The SC on May 28, 2020 {Gopal Prasad vs Bihar School Examination Board & Others}, view of Justice Indira Banerjee, observed that the mere fact that an employee may have been a minor at the time of his initial appointment is inconsequential in the absence of any law at the material time of his appointment, prohibiting appointment of 15/16 year old minors. 

Justice Indira Banerjee also observed that it is nobody’s case that any of the concerned employees repudiated their contract of appointment on attaining majority. It was held that an employer who knowingly appoints minors with impunity, with its eyes open, cannot evade its obligations under the contract of employment, and that too after the employee has rendered service for almost two decades after attaining majority. It was held that the contracts can be said to have been ratified by the employees concerned, on attaining majority. It was also held that it cannot, also be said, that an employee appointed when he was 15½ years old, attained any undue advantage, when there was no minimum age for appointment at the material time.

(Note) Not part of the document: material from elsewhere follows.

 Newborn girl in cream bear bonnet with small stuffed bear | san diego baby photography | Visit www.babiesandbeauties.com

The question which fell for consideration in present case was whether persons who had joined service before attaining the age of 18 years could unilaterally be retired before they actually attained the age of retirement stipulated in Rule 73 of the Bihar Service Rules, because they were to be deemed to have completed 18 years of age on the date of their appointment.

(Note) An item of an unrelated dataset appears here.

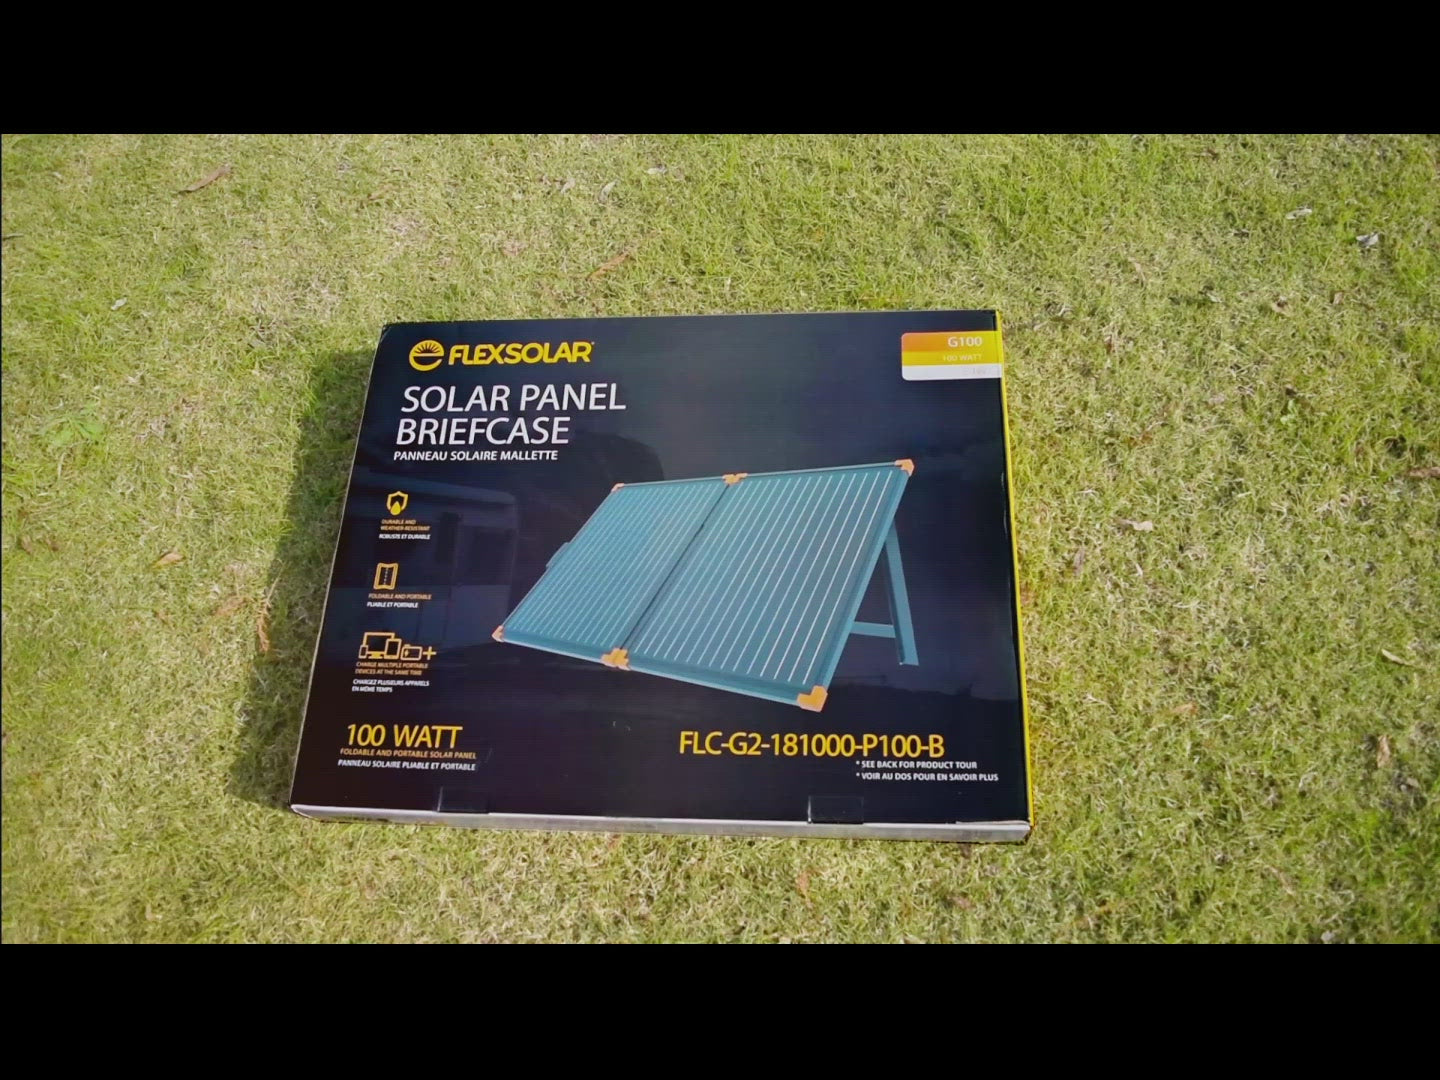 200W Briefcase Solar Panel Kit

It was held by Justice Indira Banerjee that when the age of retirement is governed by express rules, which do not prescribe length of service as a criteria of retirement, but provide for retirement upon attainment of age, an employee cannot be made to retire before attaining that age of retirement, only because he/she has served for a certain length of time, by a convoluted process of logical reasoning. It was held by her that judicial conscience, also does not permit her to uphold the judgment under appeal, only because the High Court has, for a while, followed the Full Bench decision of that Court which has held the field for a while.

It was held by her that in this case Rule 73 of the Bihar Service Code does not prescribe any length of service as criteria for retirement. It was held that the prescribed age of retirement for employees of the category to which the Appellant belonged was 58 years, later increased to 60 years. It was held by her that the decision of the respondents to retire the Appellant before he attained the age of 60 years as per his actual date of birth, as recorded in the service records cannot be sustained. As per her, the appeal deserves to be allowed.

But as the other Judge on the Bench, Justice Ajay Rastogi did not agree upon that and gave his separate dissenting judgment by which he dismissed the appeal. Consequently, it was ordered that since the two Judges have not agreed, let the matter be placed before Hon’ble the Chief Justice of India for assignment to a larger Bench.